Geoffrey Adelsberg continues this line of thought, albeit in a more practical way. Using Derrida’s philosophy, Adlelsberg argues the death penalty should be abolished for the same reason the state justice system as a whole should be abolished--it is morally illegitimate for the state to wield such power at all, and furthermore the nation-state in itself is predicated on violence and racism. Matt Whitt comes to the same conclusion, albeit from a different philosophical school. Both Adelsberg and Whitt, by stating that the nation-state is predicated on violence and racism, imply that there is an extranational solution to administering justice in some more evenhanded way, although neither Oliver, Adelsberg, nor Whitt admit the possibility of a nonstate justice system. Nature abhors a vacuum, so a justice system will be created when people live together in communities. If it is not a state-centric justice system, it will be an extra-state-centric justice system, and this will not necessarily lead to poor outcomes; anarcho-capitalism holds that services traditionally rendered by the state, such as the court systems, can be replaced by private arbitration and security service firms, and given an unfettered market environment, will most likely lead to rational, reasonable outcomes. But the fact that none of the three mention these as reasonable alternatives implies they want to correct state dysfunction with more state involvement. It is left as an exercise for the reader to consider how this will turn out.
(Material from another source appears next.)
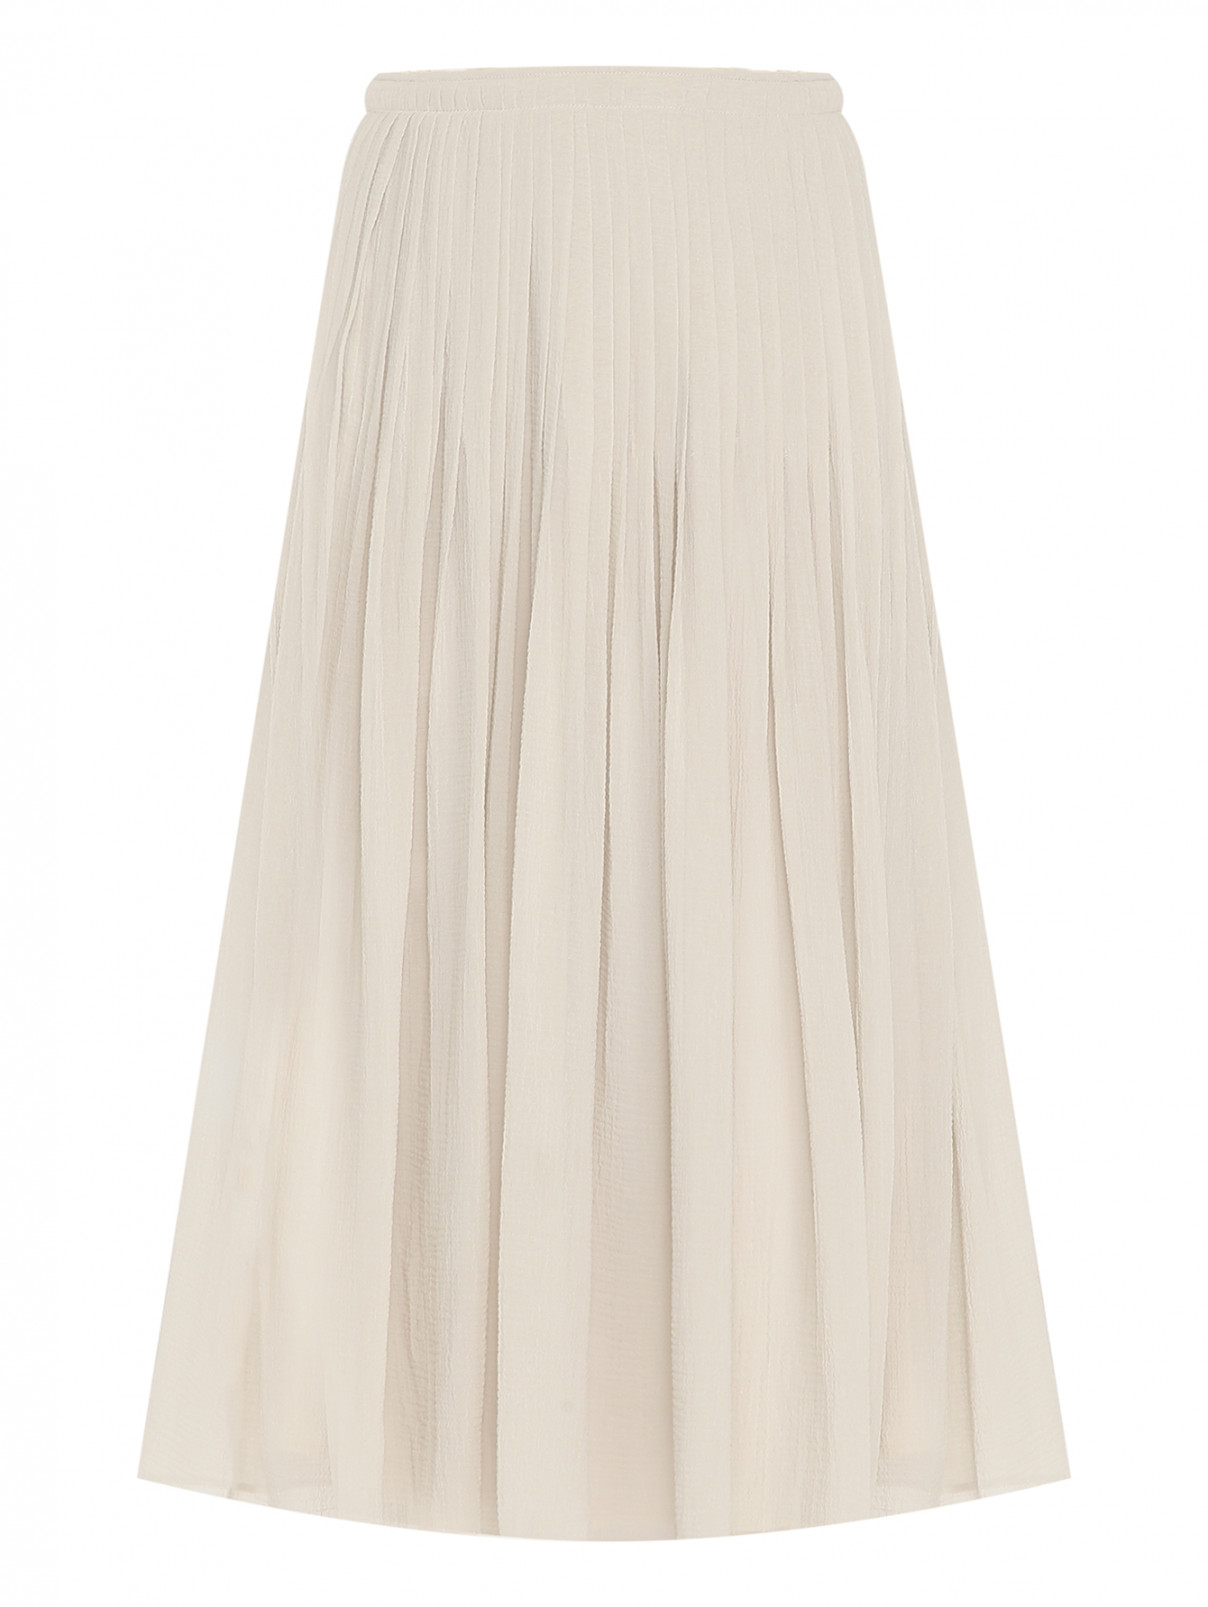 Плиссированная юбка из хлопка и шелка Fabiana Filippi  –  Общий вид

A third theme is the all-or-nothing approach to reforming the justice system; the anthology’s authors point out the justice system’s flaws early and often, but when suggesting reforms, there is a mostly indifference, and in Andrea Smith’s chapter, overt hostility to reforming the system from within the system itself. Smith goes so far as to accuse civil libertarians of not questioning the national security apparatus, and in not doing so, being complicit in the racism present in the criminal justice system. Civil libertarians do question the nature and responsibilities of the national security apparatus, and the aforementioned anarcho-capitalists question the necessity of any national security apparatus at all. And while we may rightly question the reasonability of the positions of those who say there are no problems with the justice system, it is quite another thing to accuse them of complicit racism. Like the legal lynching false equivalency above, this hyperbole cannot go unquestioned. Rather than “playing the race card,” we can instead explain to these people why their positions are unreasonable, and in the event they are actual racists, we can further explain to them why their racism is itself irrational.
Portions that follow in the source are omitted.